We'll defer any discussion of the solution for this, beyond
observing that few real programs use anything like the 4 Gbytes
addressable with 32 bits. More modest programs have huge holes in their
program address space, and if we can invent some scheme that avoids
storing all the "nothing here" translation entries corresponding to the
holes, then things are likely to get better.
Figure
14.2 Desirable memory translation system.
We've now arrived, in essence, at the memory translation system DEC
figured out for its VAX minicomputer, which has been extremely
influential in most subsequent architectures. It's summarized in Figure 14.2 above.
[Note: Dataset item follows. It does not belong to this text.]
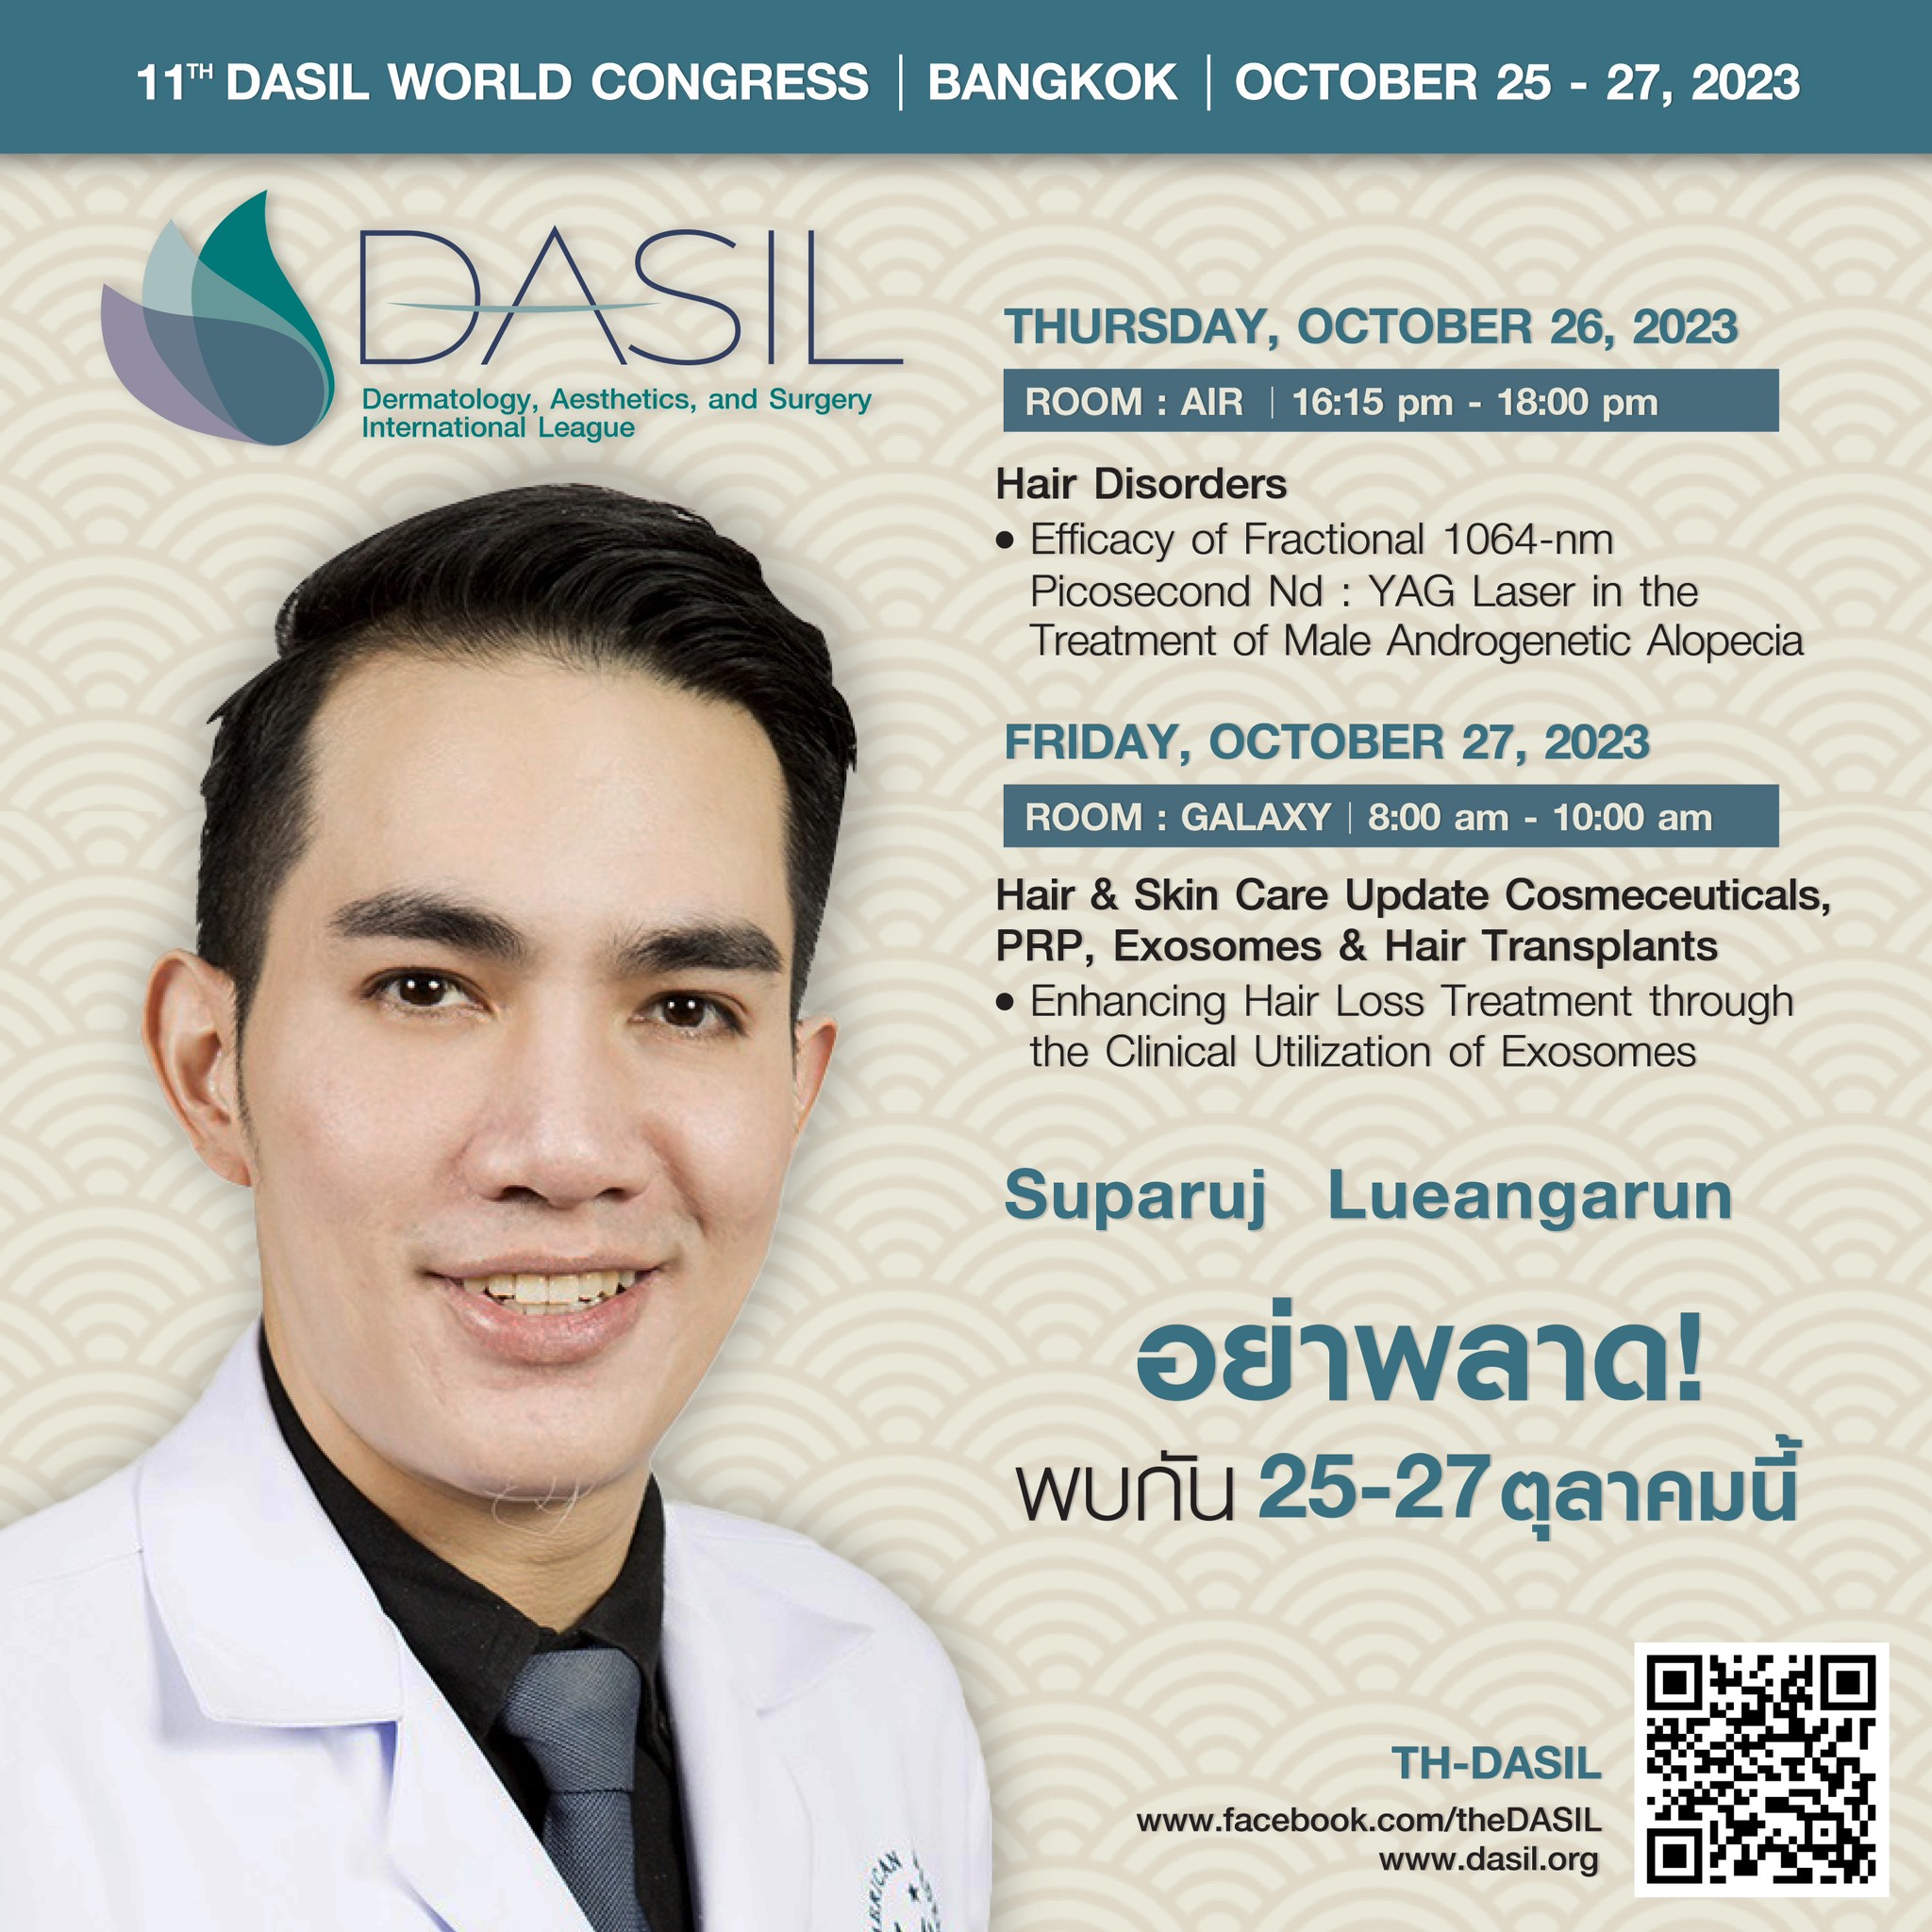 หมอรุจ (ผู้ช่วยศาสตราจารย์นายแพทย์ศุภะรุจ เลื่องอรุณ) ได้รับเกียรติเป็นวิทยากรในงานประชุมระดับโลก DASIL Congress ครับ

The sequence of
steps in which the hardware works is something like this:
Step #1. A virtual address
is split into two, with the least significant bits (usually 12 bits)
passing through untranslated—so translation is always done in pages
(usually 4 KB).
Step #2. The more
significant bits, or VPN, are concatenated with the currently running
thread's ASID to form a unique page address.
Step #3. We look in the TLB
(translation cache) to see if we have a translation entry for the page.
If we do, it gives us the high-order physical address bits and we've
got the address to use.
The TLB is a special-purpose store and can match addresses in
various useful ways. It may have a global flag bit that tells it to
ignore the value of ASID for some entries, so that these TLB entries
can be used to map some range of virtual addresses for every thread.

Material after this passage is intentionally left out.